The key to this new method is the ceramic foam ink, which contains alumina particles, water and air. By controlling the foam’s microstructure, the researchers were able to tune the ink’s properties and adjust how it deformed on a micro scale. After this process was optimized, the team could print lightweight hexagonal and triangular honeycombs, complete with tunable geometry, density and stiffness. 

"Foam inks are interesting because you can digitally pattern cellular microstructures within larger cellular macrostructures," said Joseph Muth, a graduate student in the Lewis Lab and first author of the paper. "After the ink solidifies, the resulting structure consists of air surrounded by ceramic material on multiple length scales. As you incorporate porosity into the structure, you impart properties that it otherwise would not have."

According to Lorna Gibson, a professor of materials science and engineering at MIT, this process “combines the best of both worlds,” through a marriage of the microstructural control of foam processing and the global architectural control of 3D printing.

“Because we're printing something that already contains a specific microstructure, we don't have to pattern each individual piece,” Gibson said. “That allows us to make structures with specific hierarchy in a more controllable way than we could do before."

"We can now make multifunctional materials, in which many different material properties, including mechanical, thermal and transport characteristics, can be optimized within a structure that is printed in a single step," added Muth.

Close up image of one node of the triangular honeycomb.
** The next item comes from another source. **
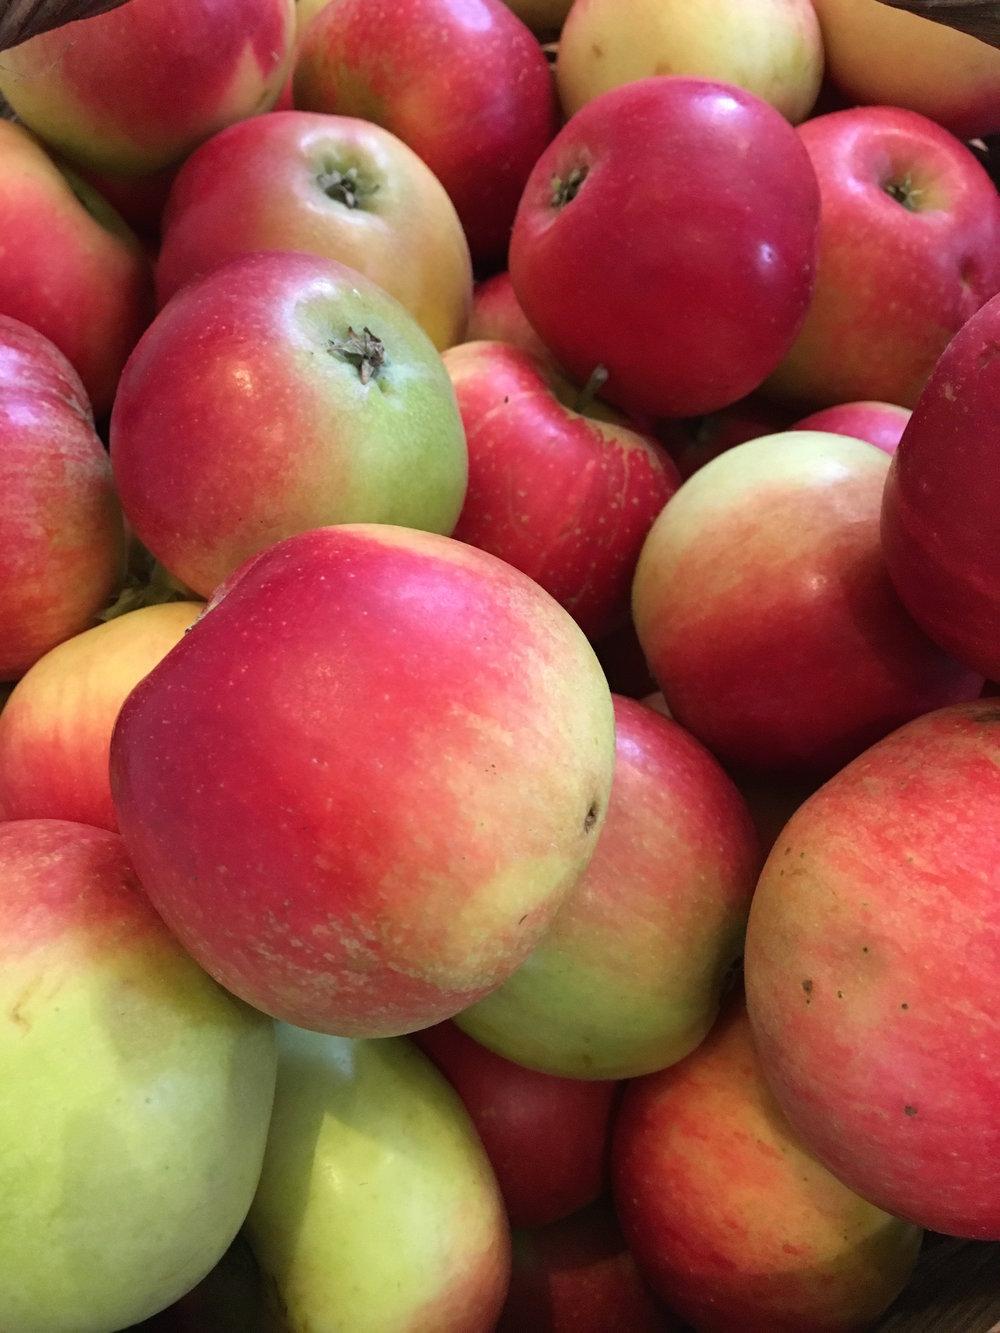 Apple Day 2017
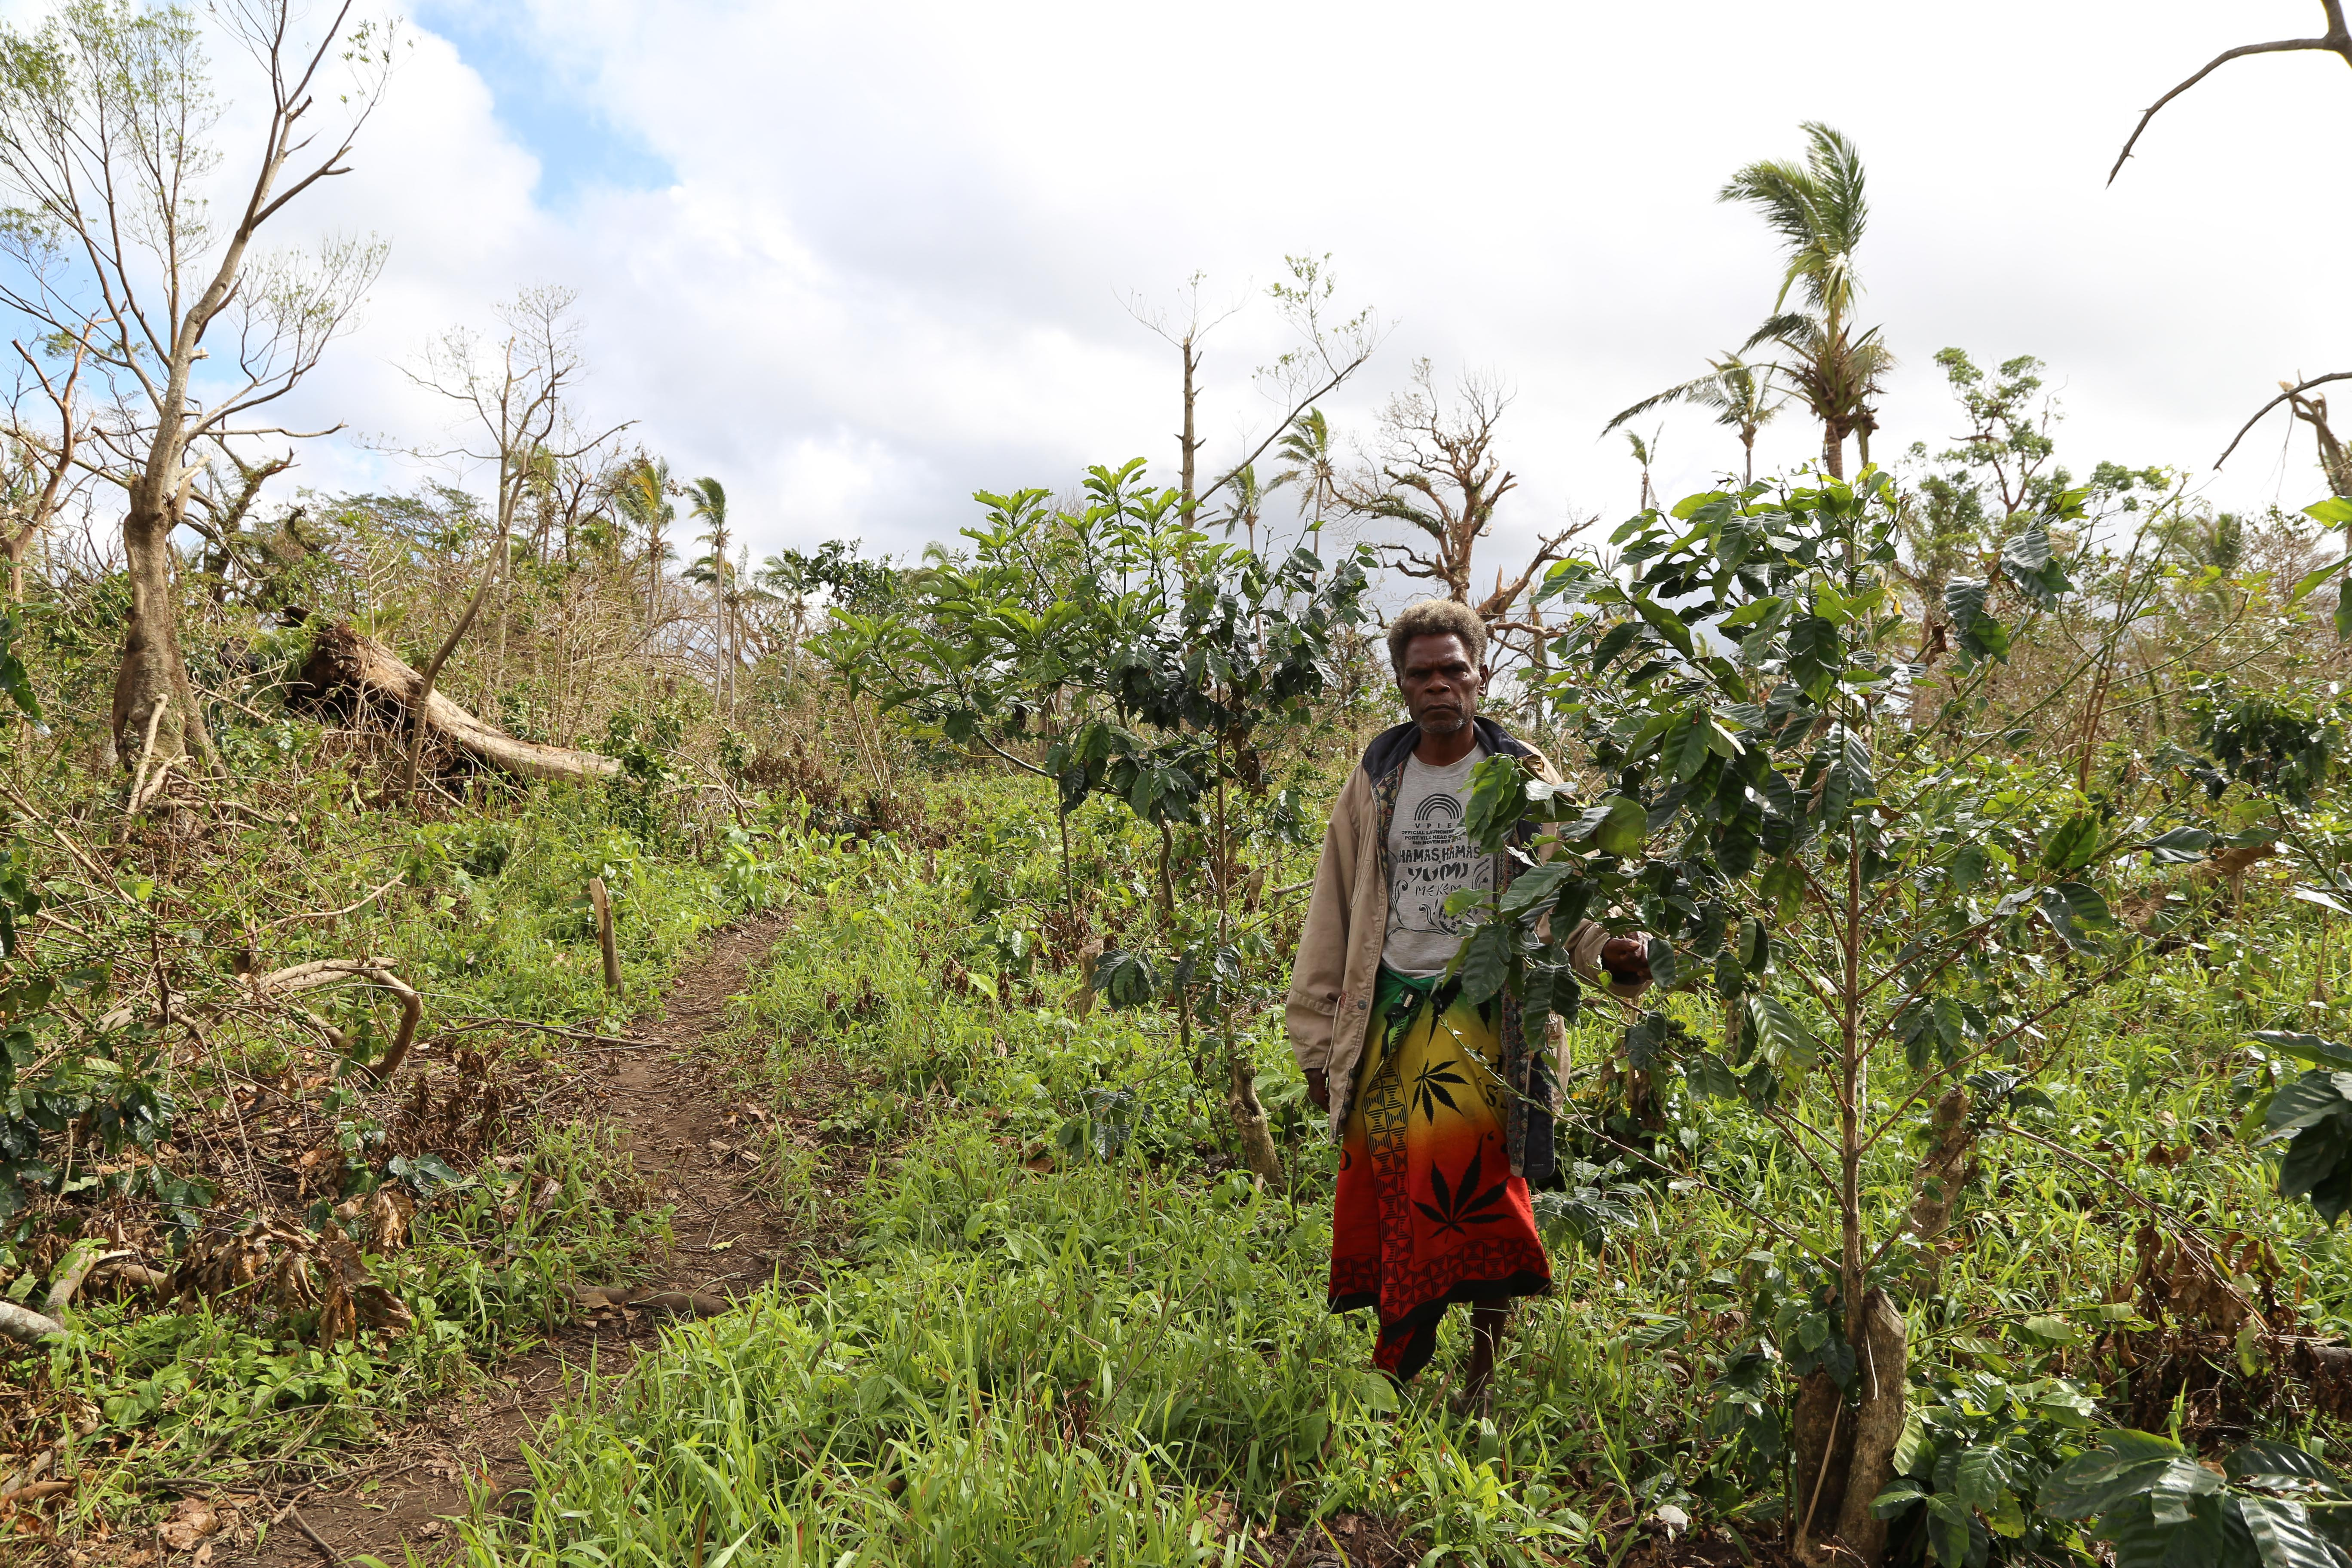 Jacob Tallah surveys the few coffee plants he has left

The structure, which consists of air surrounded by ceramic, can be designed with specific porosity. (Image courtesy of James Weaver/Wyss Institute.)
The team focused on a single ceramic material for the purposes of their research, but printable foam inks can be made from any number of materials, including other ceramics, metals and polymers–thus increasing the potential applications for this process exponentially.

This new process is another example of the nature-inspired designs out there, like smart concrete designed with biomaterials and suction-based adhesive inspired by octopuses.